FLB, the knot had very very strong without glue. i left a 1/2" tag before i started to cast. and it was still 1/2" when i called it a day.

line capacity:
i spooled line at home, with a cheap berkeley spooling station.
since i tested a 65# braid.. its thick. about 15-20# mono in size. about .40mm in diameter (educated guessing)
so my abu has probably, approx.. 200-230yards on it.
i am definitely NOT WORRIED about not having enough line to fight fish.. cause therell be no fight. 
this is 65# braid we are talking about.. you can literally drag the fish back to you on the beach.
not 15# mono..

i can lockdown drag on my tiny abu,, and still haul fish ass. with plenty of line breaking strength overhead left..
i could bend the reel's frame before i break the line..

how tested:
all casts were overhead cast. with sinker directly behind me at 6 o'clock.
drop length at where the gather guide is.
no OTG or pendulum or that other BS.. remember i said PURE FISHING. not tourney/grass casting.

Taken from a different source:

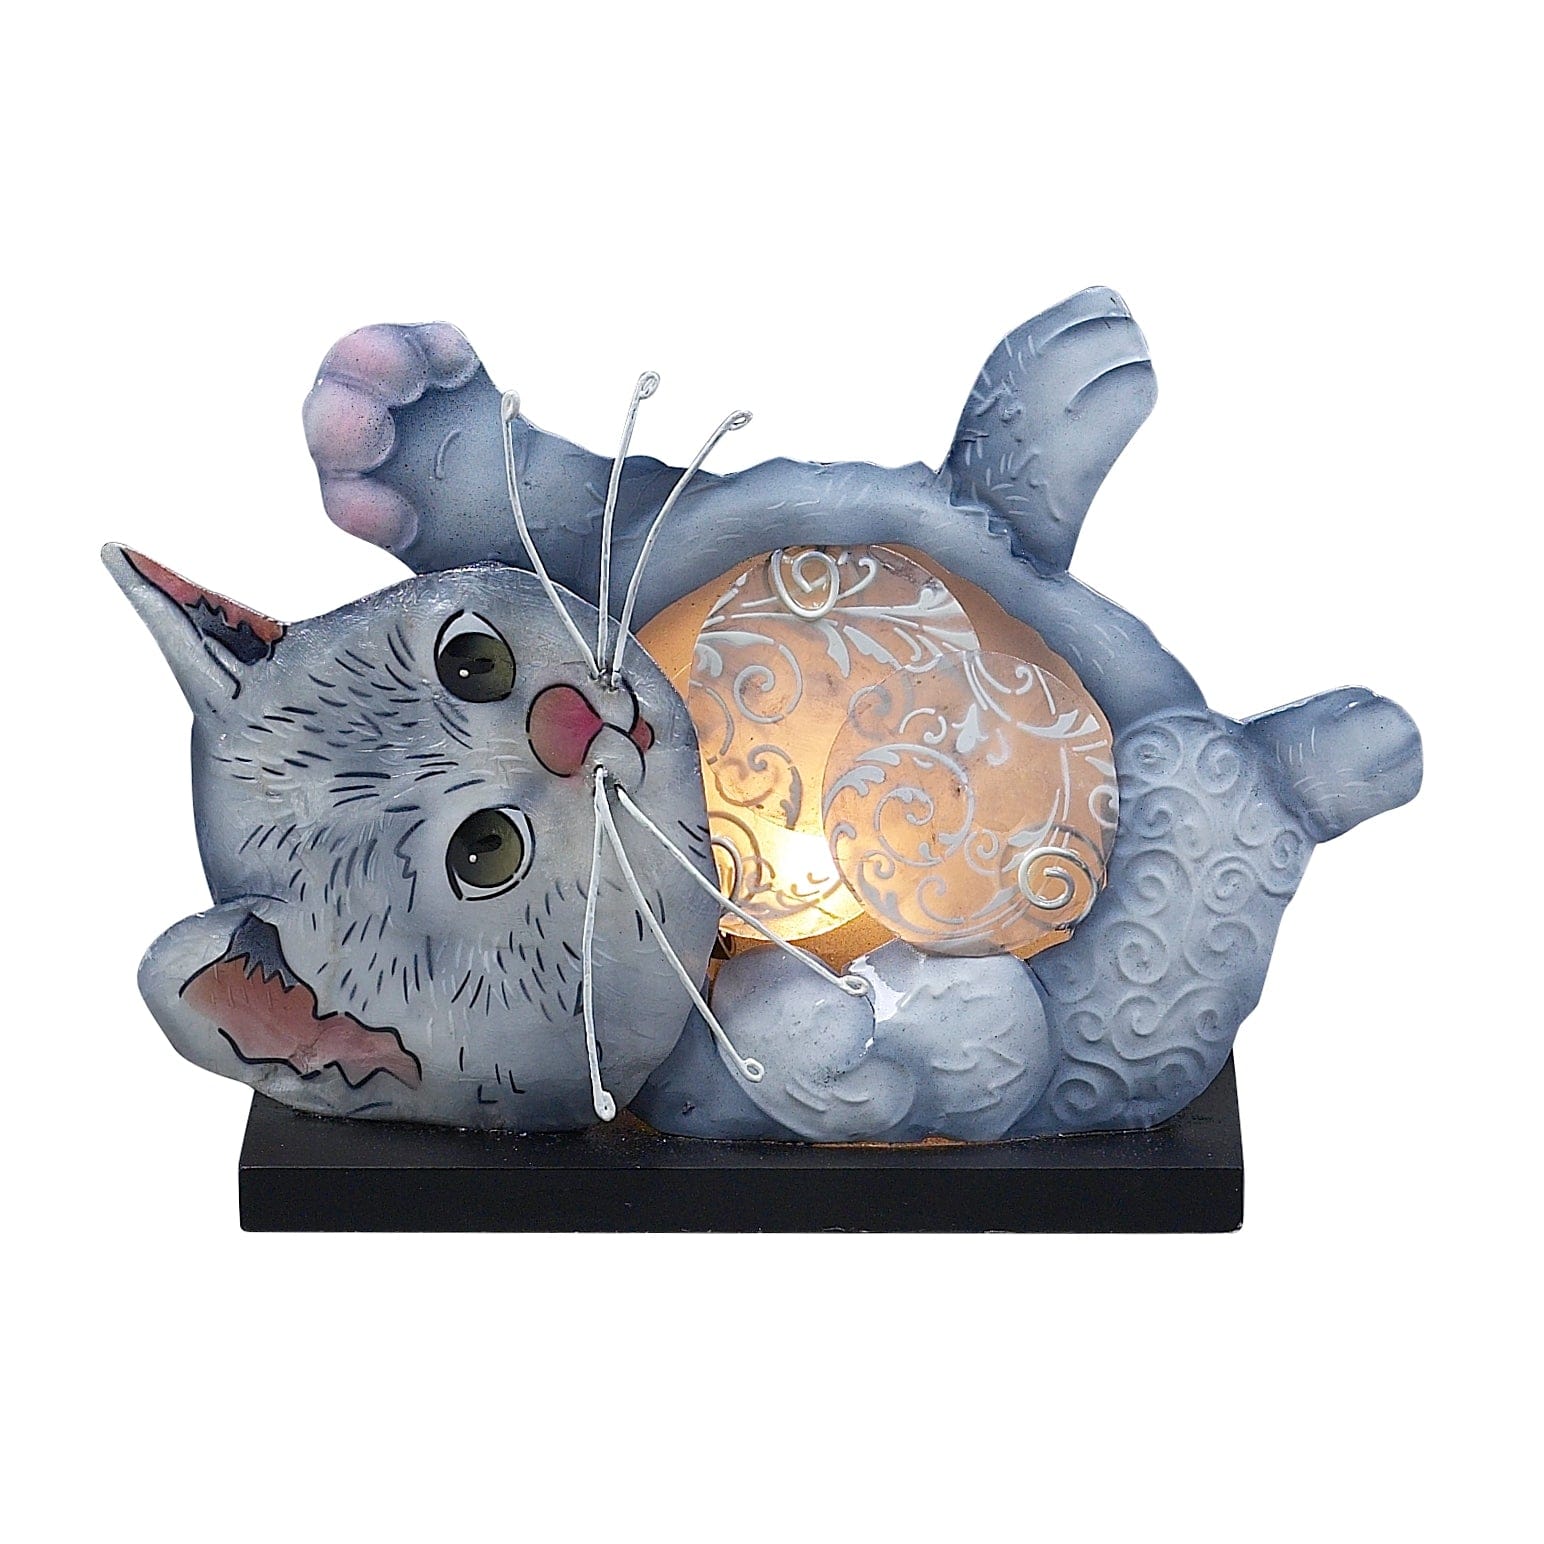 Kitten Decorative Lamp or Night Light Handmade of Capiz*

bah! i know youre bored already.. pics!

before cast. 








rod + sinker









after cast.









distance? sinker lands next to or over that buoy in the distant, constantly throughout my session.









conclusions:
great line. limp. no stretch. did not dig in (for me anyways). near silent retrieve.
_
*note:*usually casting mono on a 6500, you can lay line across with about 6-7 handle turns.
with braid. i use only 4-5 turns. so the crosses are at a bigger angle. hopefully not giving any room for line to dig into itself._

there is very heavy dye on the line. after thumb releasing, i got ALOT of water+dye on my hand.
im sure after a few rinses and some more casts, ill get it all out.

Castability: 10/10
Noise: 8/10
Build Quality: 10/10 . line is very uniform. could not spot any unevenness.
Value: 7/10. braided lines are expensive in general.. -3. for 40$ i can get a 1lb spool of mono, thatll last me 2 years.

until next time =;D)


----------



## Drumdum (Jan 6, 2003)

I've have,in general, never used fireline on a conventional,except for backing..Only used it on spinners and never higher than 30lb... So,I may not be the one to answer..

Have heard it will dig into the spool,no issues there,but it is used for backing.. Only had a few fish into the backing,and most of those were big sharks.. Never had any issues..

Did try it once as a casting line on conventional,although IF I did backlash there was BIG trouble... So,I dropped that idea really quick....  

Not sure about the dye you're speaking of?? I would guess it's the same deal I got going when I say the line is broken in good,turns kind of a smoke color,almost white or grey.. At that time the line is at it's best,jmo.. Always had good luck with knots in fireline and never understood why folks used glue and were always speaking of knot slippage?? 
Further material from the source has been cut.